#### DATASET SECTION:

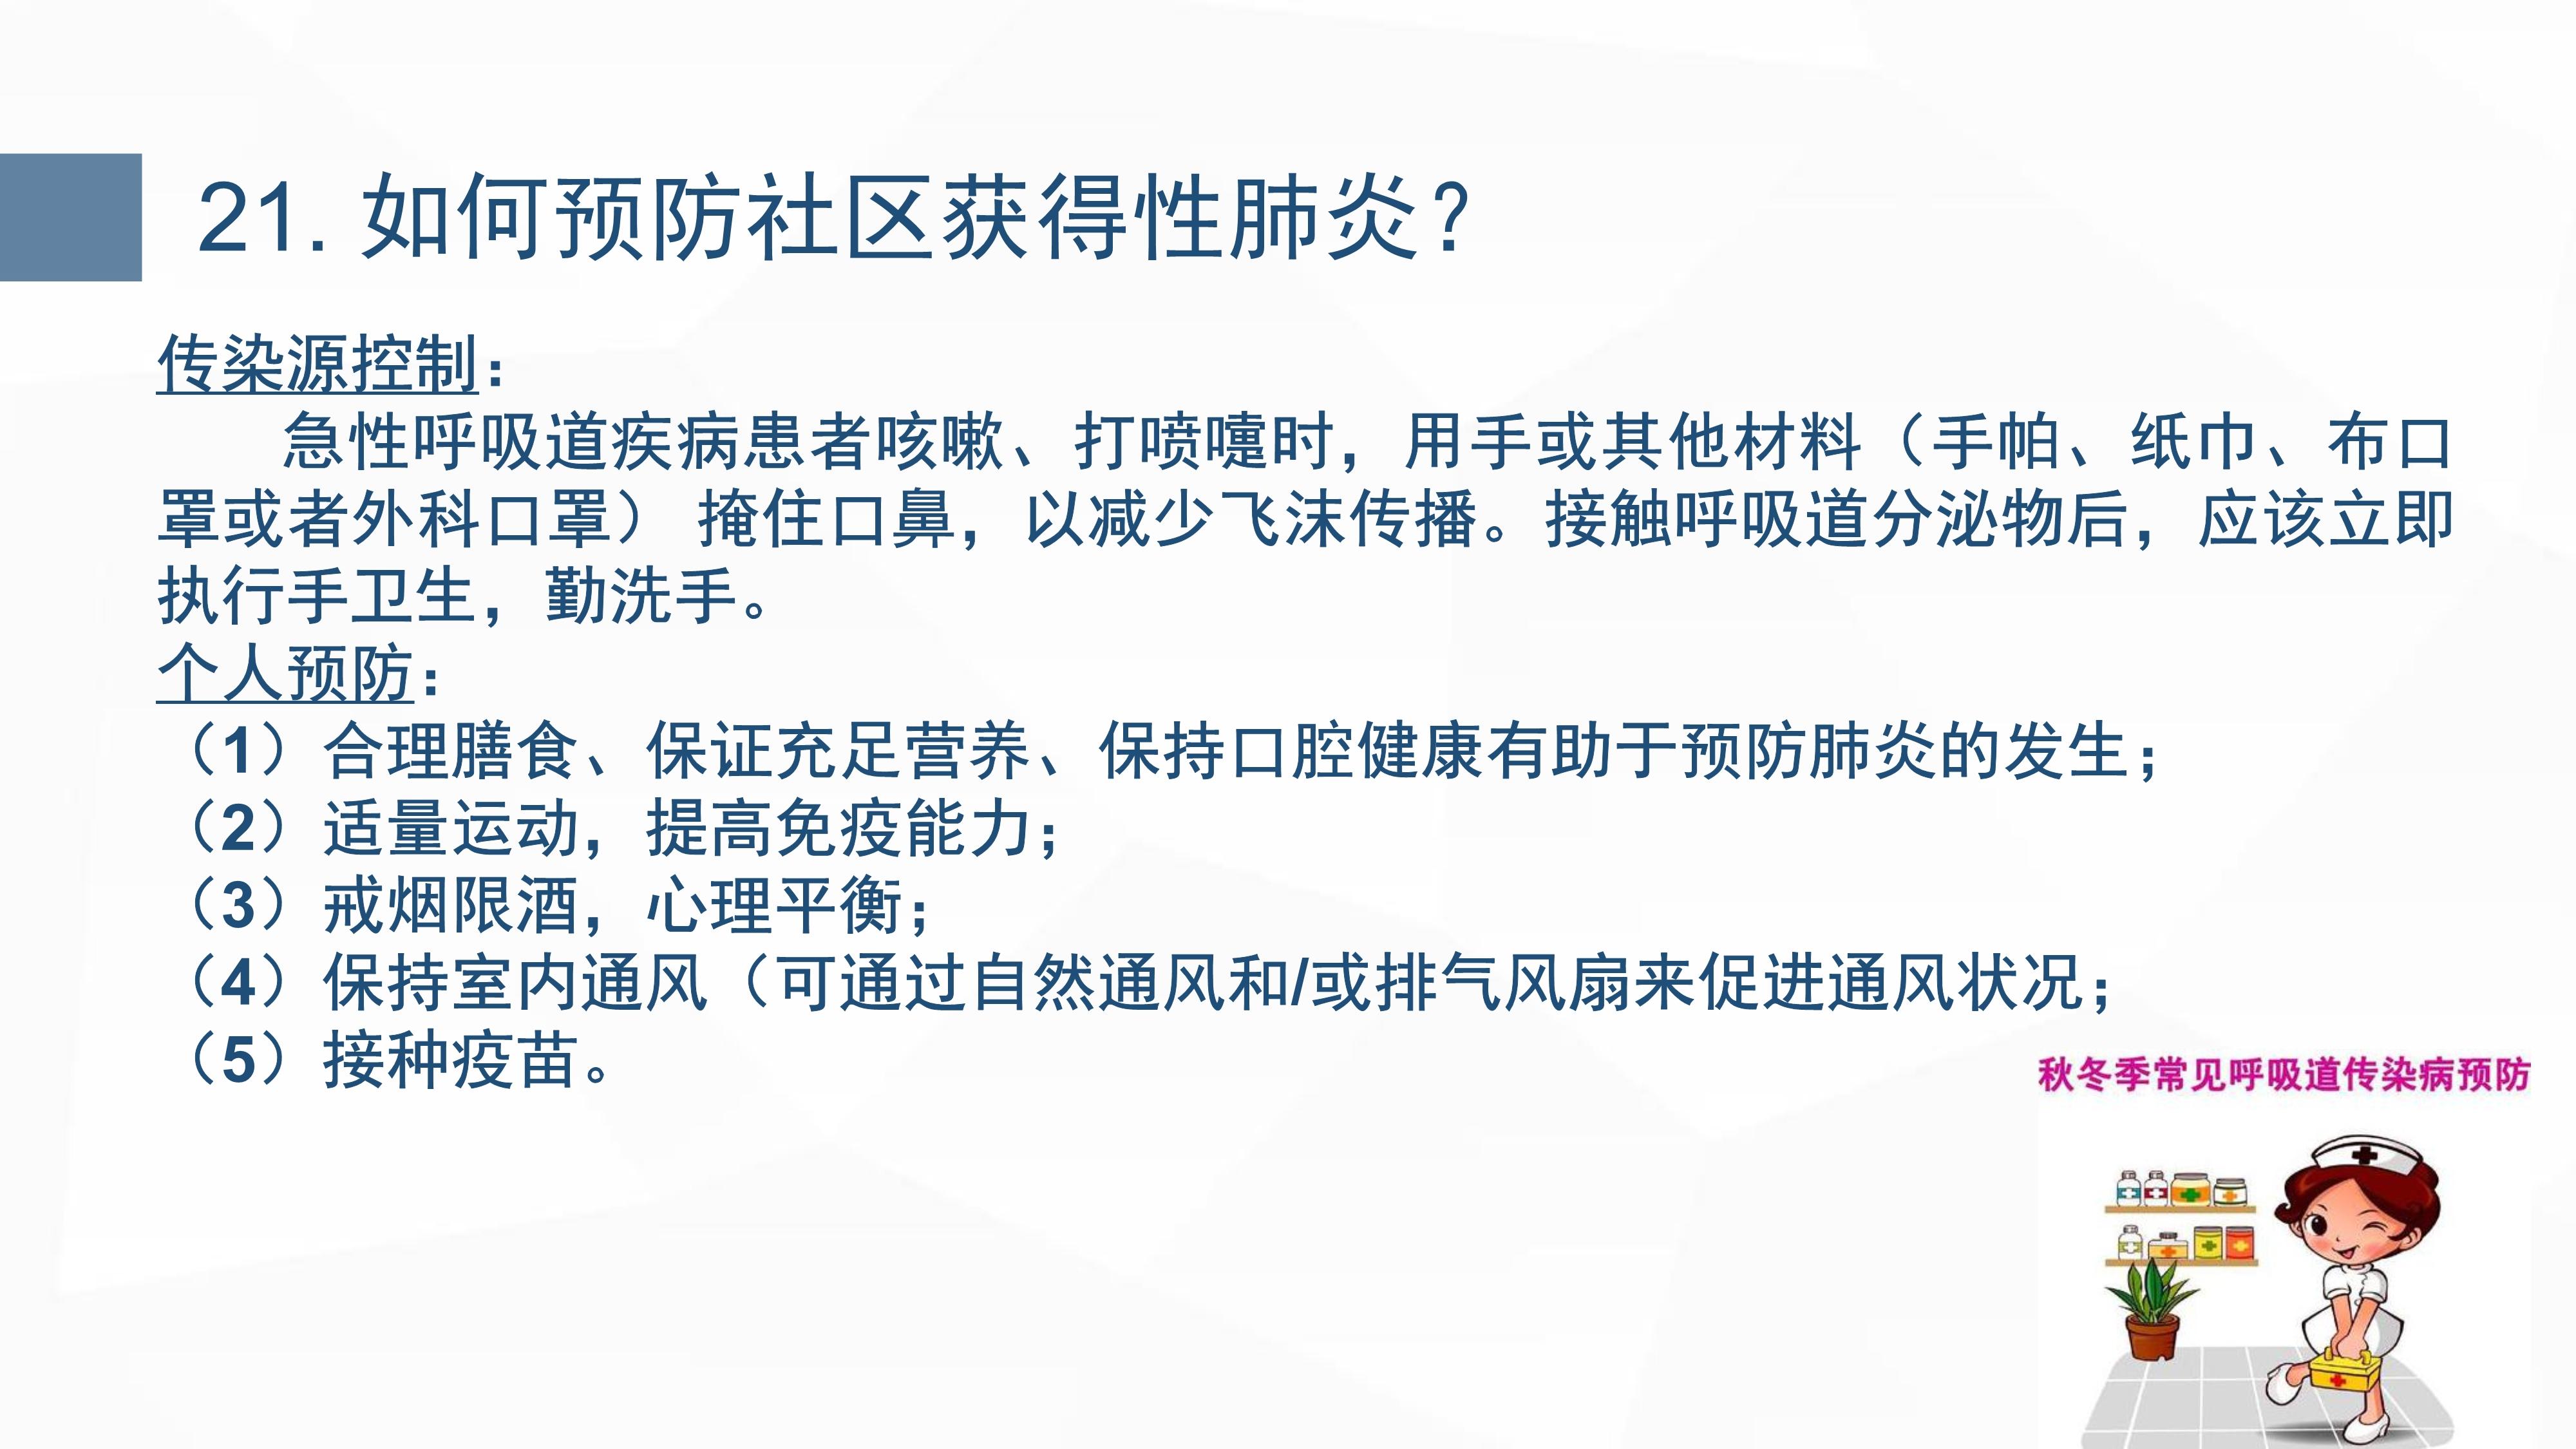 新型冠状病毒肺炎预防手册_28
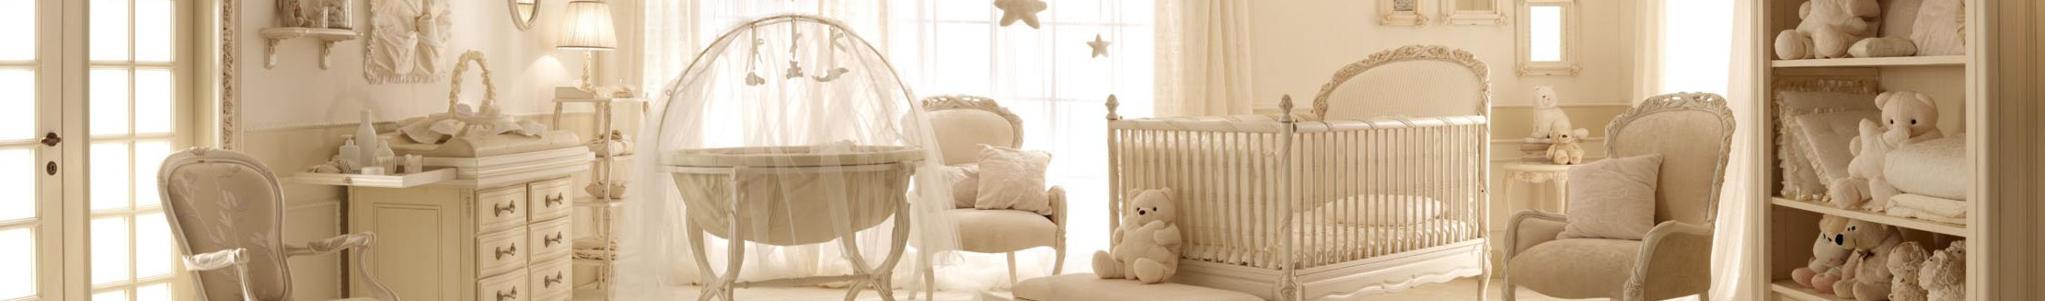 Maat Matras Ledikant.Ledikant Matras Bestellen Happy Sleepers Kindermatrassen
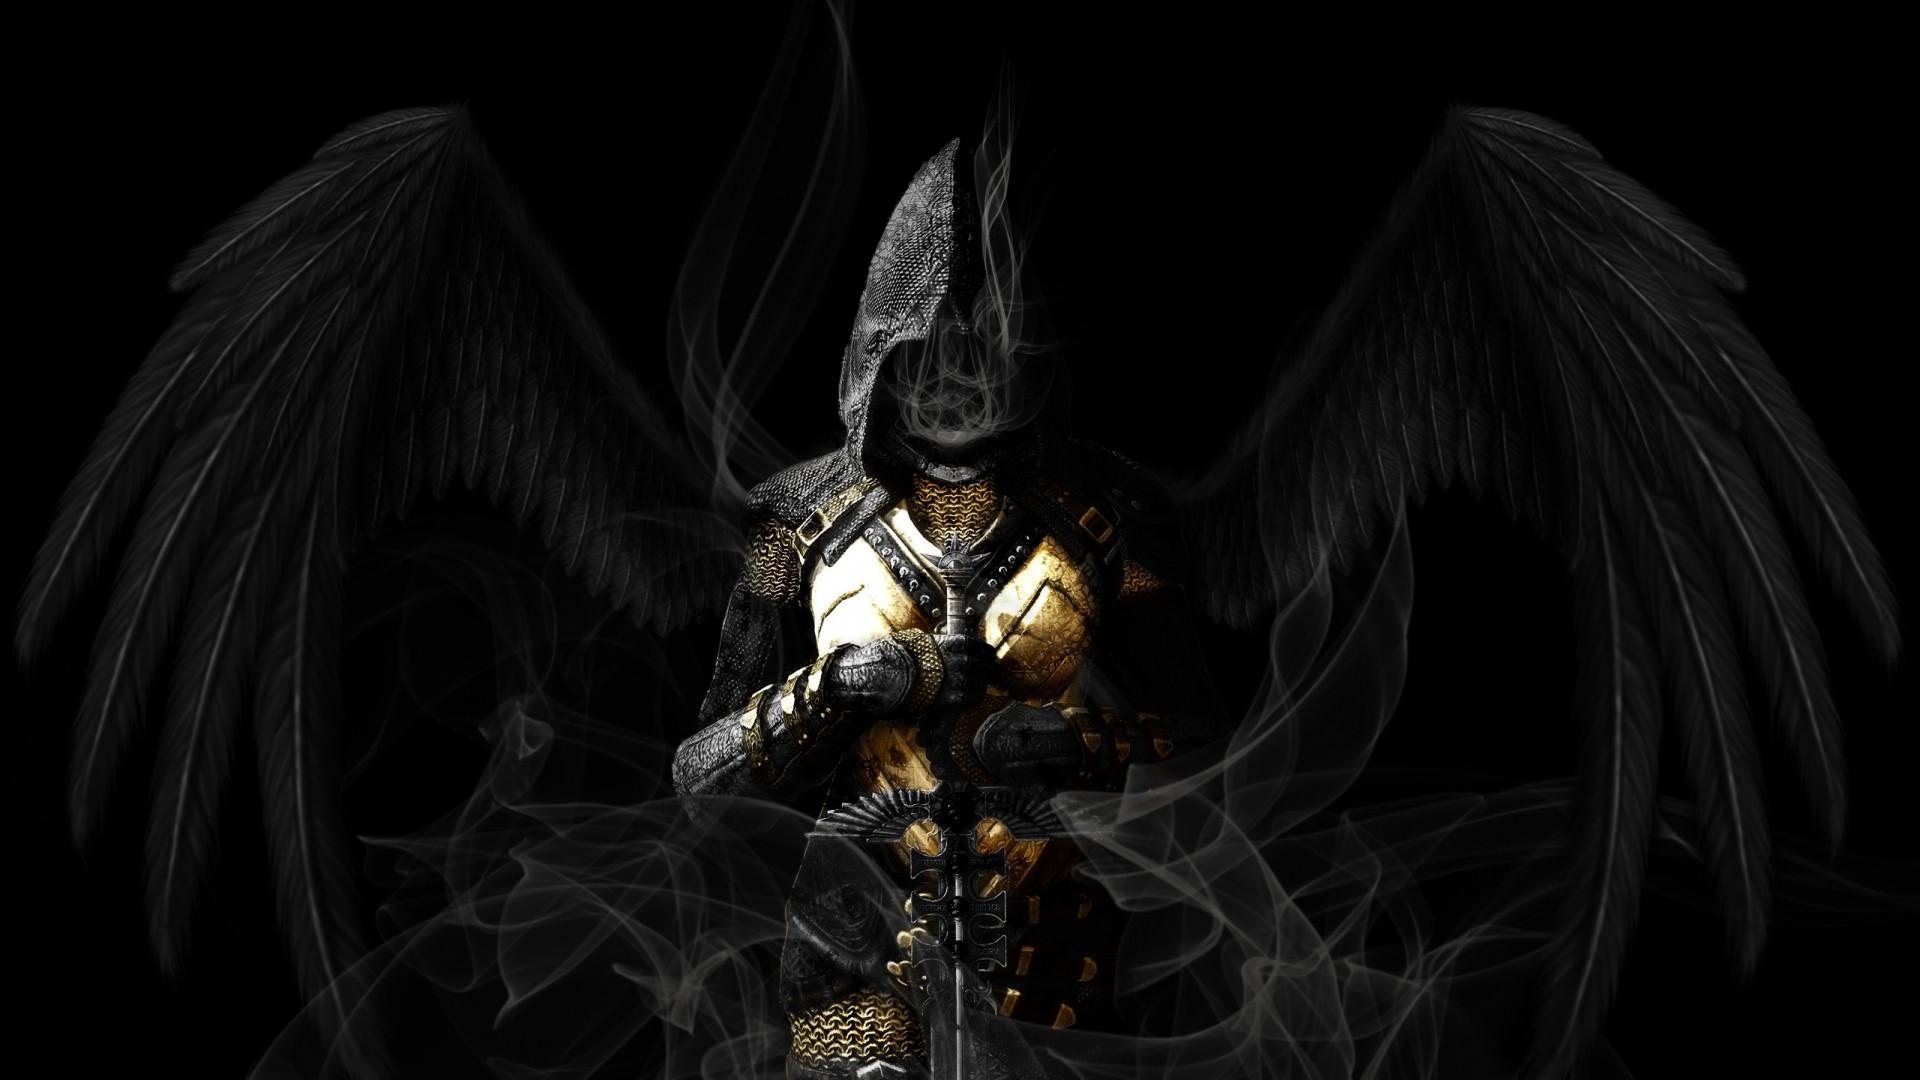 Angel Wings Black Sword gothic dark reaper grim angels wallpaper 1920x1080

#### WORK TO COMPLETE:
Print the full listing above again with exact wording and no images.

#### TASK OUTPUT:
 新型冠状病毒肺炎预防手册_28
 Maat Matras Ledikant.Ledikant Matras Bestellen Happy Sleepers Kindermatrassen
 Angel Wings Black Sword gothic dark reaper grim angels wallpaper 1920x1080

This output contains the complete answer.